Appellant Danny Kirk appeals the district court’s order granting summary judgment in favor of Appellee Universal Underwriters of Texas Insurance Co. (“UUT”). Appellant argues that the insurance policy UUT issued to Olympic International Trucks, Inc. d/b/a Olympic Ideal Lease (“Olympic”) requires it to provide excess insurance to Kirk, who suffered injuries in an accident involving one of Olympic’s trucks. The district court granted summary judgment for UUT because an “escape clause” excused UUT from coverage where there was other insurance. Because UUT did not agree to provide excess insurance and because the escape clause is unambiguous, we affirm.

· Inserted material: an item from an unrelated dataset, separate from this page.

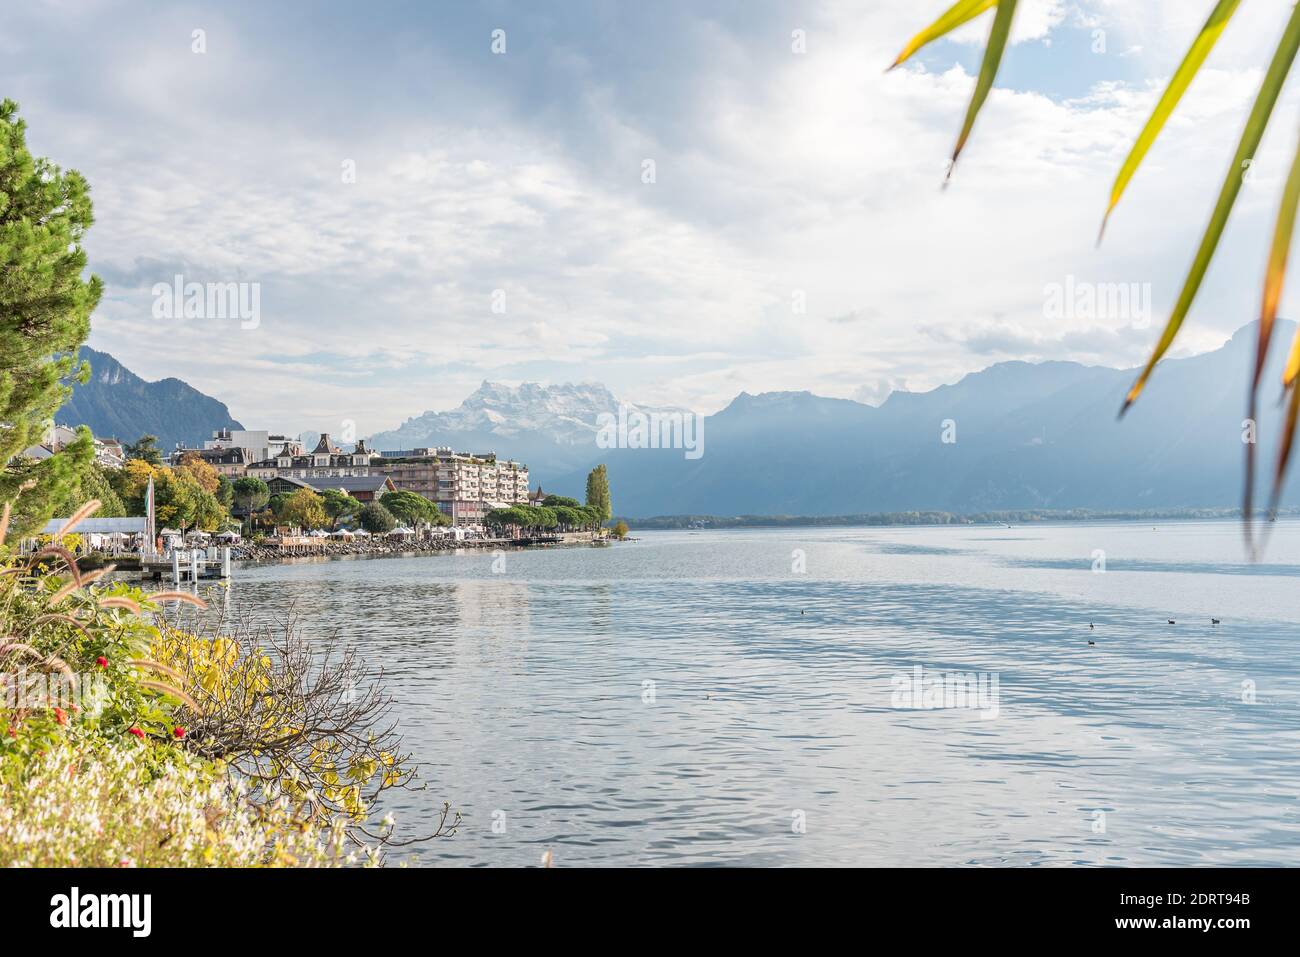 Bord de lac alpin entouré de sommets enneigés et d'une ville sur la rive. Montreux, Lac de Genève en Suisse Banque D'Images

*550 I. FACTUAL AND PROCEDURAL BACKGROUND

While driving a tractor-trailer for his employer Gulf Coast Building Supply (“Gulf Coast”), Steve Frank Coronado collided with a van driven by Kirk. Kirk was thrown from the van and suffered serious injury. Olympic owned the tractor-trailer Coronado drove, and leased it to Gulf Coast. The lease agreement required Gulf Coast to maintain $750,000 of liability insurance on the tractor-trailer. Gulf Coast obtained liability insurance on the tractor-trailer from Home State County Mutual Insurance Company (“Home State”). The Home State policy had a limit of $1,000,000.

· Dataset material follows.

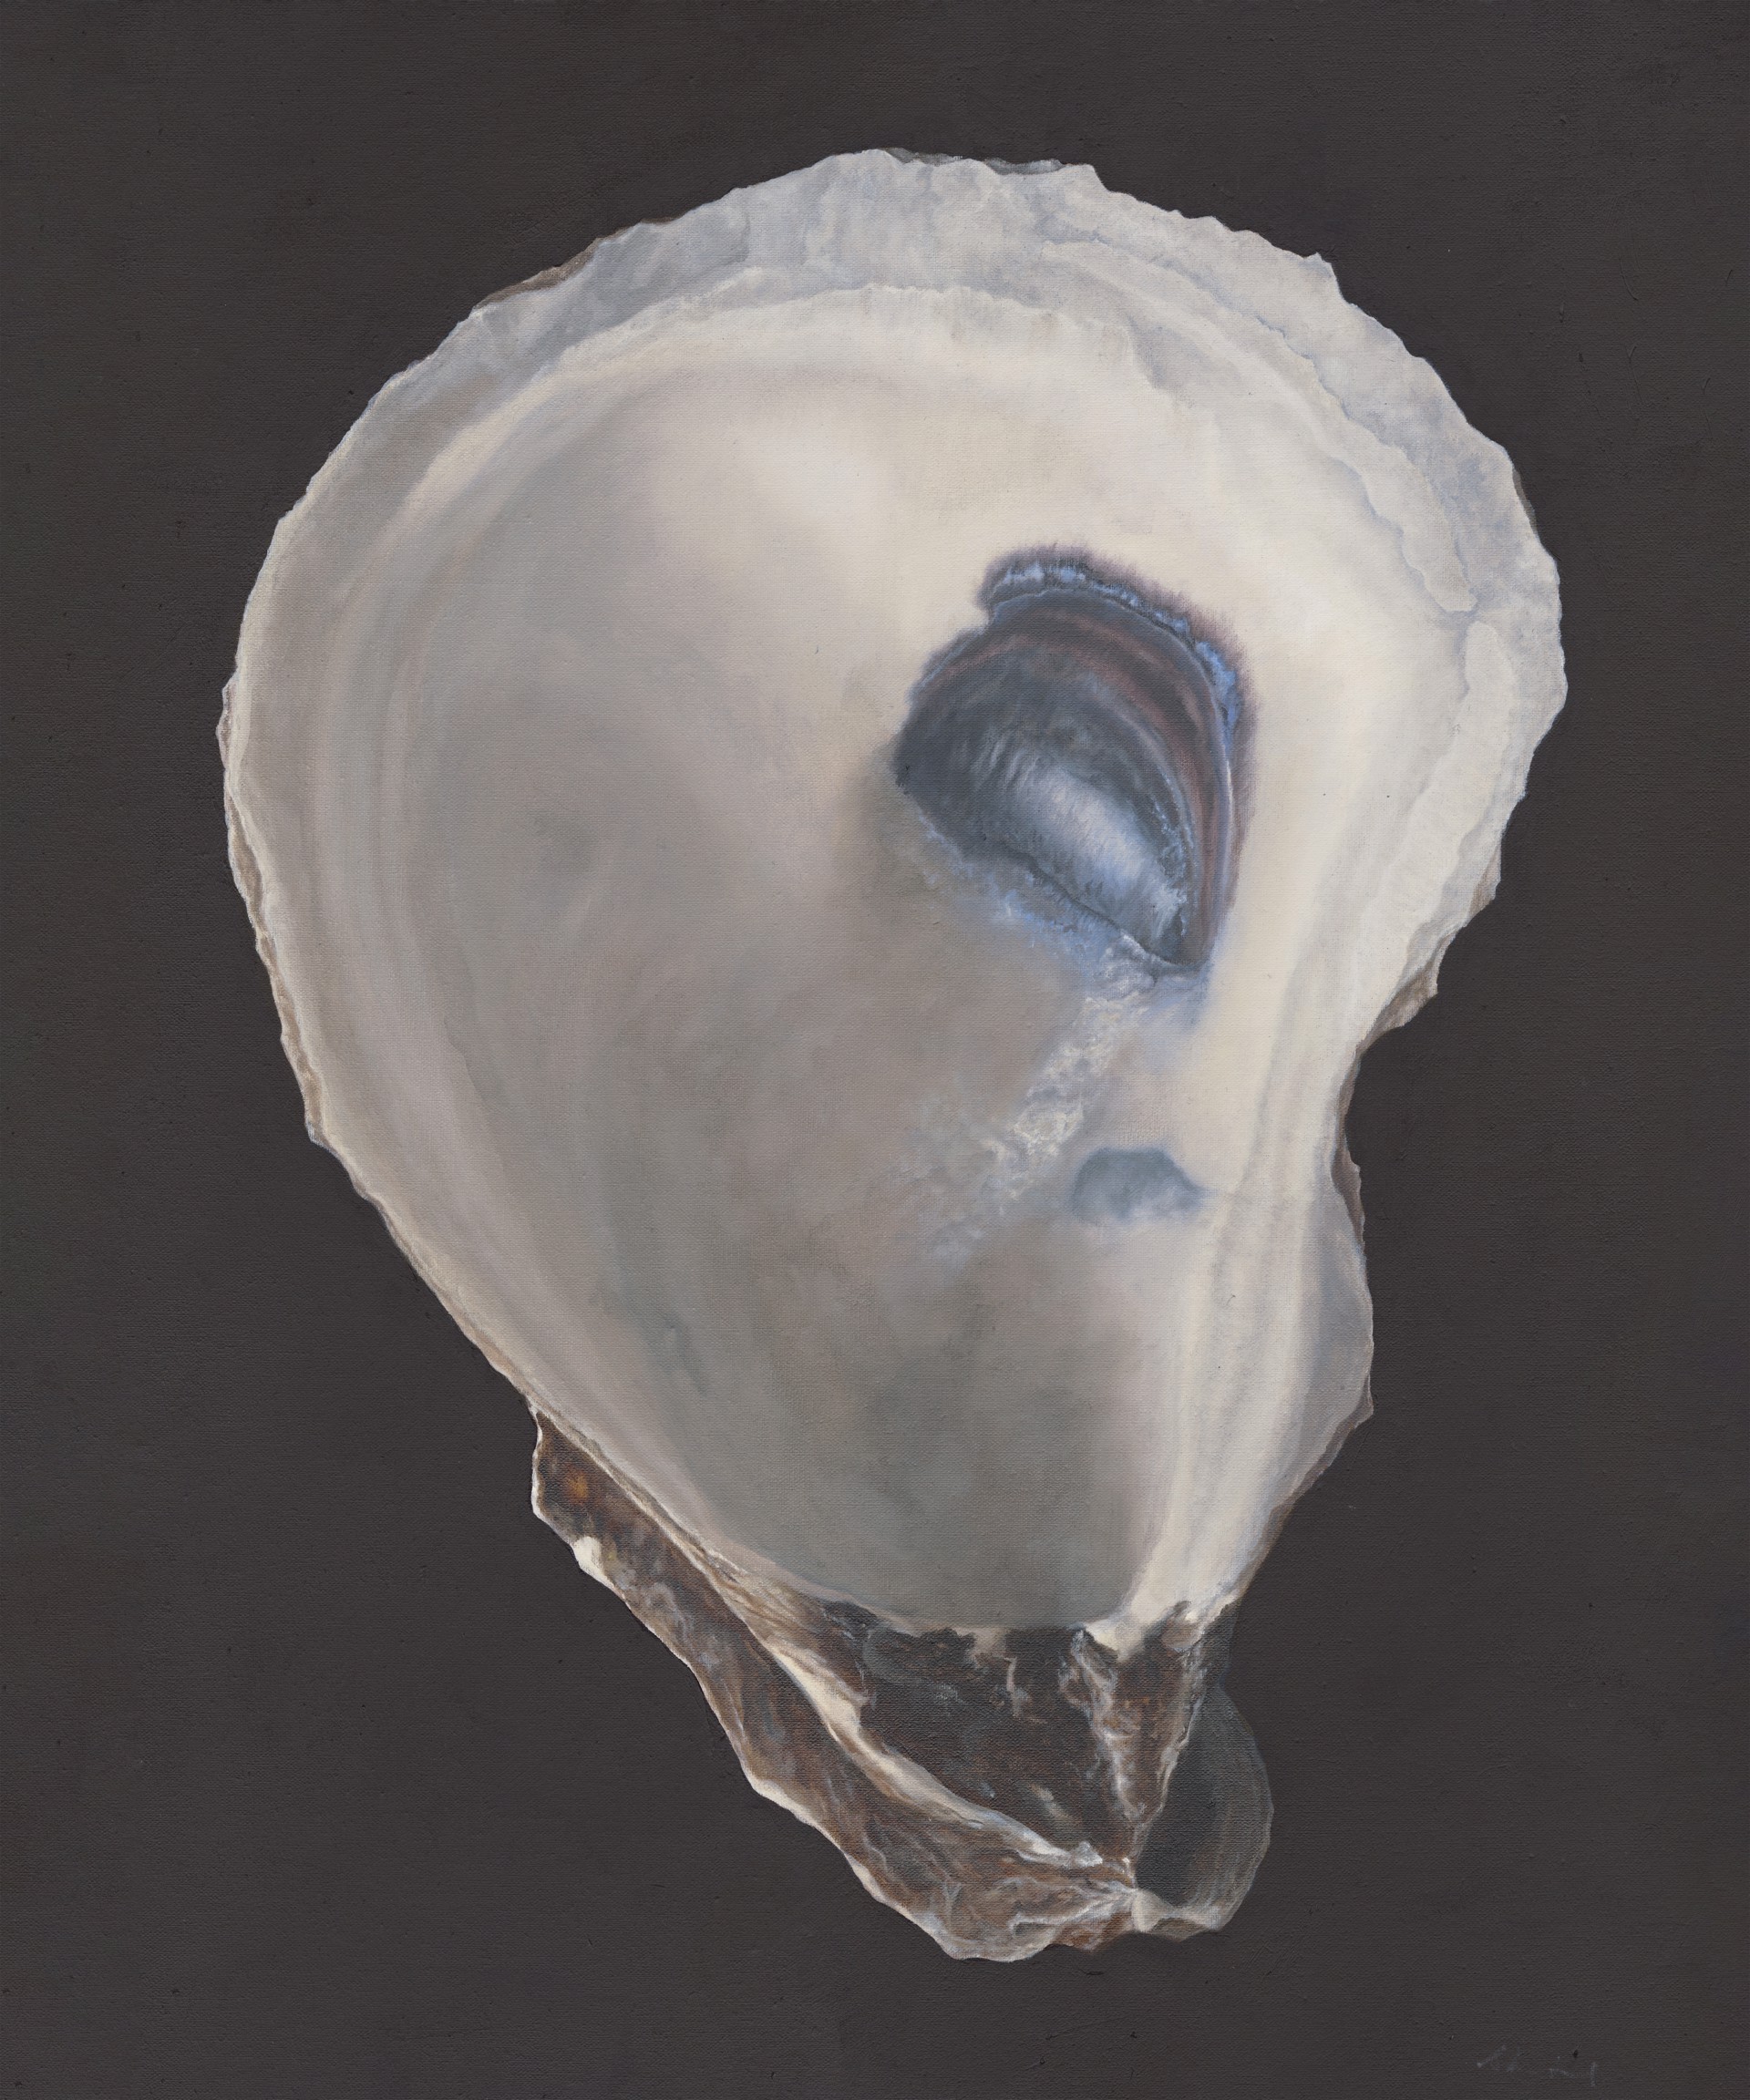 Oyster Shell No. 2 by Sarah Verardo

At the time of the accident, UUT had issued Olympic a liability insurance policy (the “UUT Policy”) for Olympic’s garage operations, which covered Coronado’s tractor-trailer. Part 500 of the UUT Policy provided liability insurance to Olympic for injuries arising out of “garage operations” or “auto hazard.” Auto hazard included coverage of “[ajnyone else required by law to be an insured while using an auto under a lease or rental agreement, within the scope of [Olympic’s] permission.” The UUT Policy provided that it only covered Olympic’s lessees if “[a]t the time of the accident, the insurance required by the lease or rental agreement is not collectable.”

Kirk filed a diversity suit against Coronado, Gulf Coast, and Home State. The defendants filed a third party demand against UUT alleging that its policy provided excess coverage above the insurance provided to Gulf Coast by Home State. Kirk amended his complaint to name UUT as a defendant and alleged that UUT’s policy provided excess coverage. UUT moved to dismiss for failure to state a claim against Kirk, and in the alternative, for summary judgment. UUT moved for summary judgment against the other defendants.

The district court granted summary judgment to UUT against Kirk and the other defendants. The district court found that the UUT Policy only provided coverage where “the insurance required by the lease or rental agreement is not collectable,” and the district court found that the term “collectable” did not require UUT to show that Kirk would be fully compensated for his injuries, only that the other insurance was able to be collected. The district court granted summary judgment because Kirk had not alleged that Home State was unable to make payment.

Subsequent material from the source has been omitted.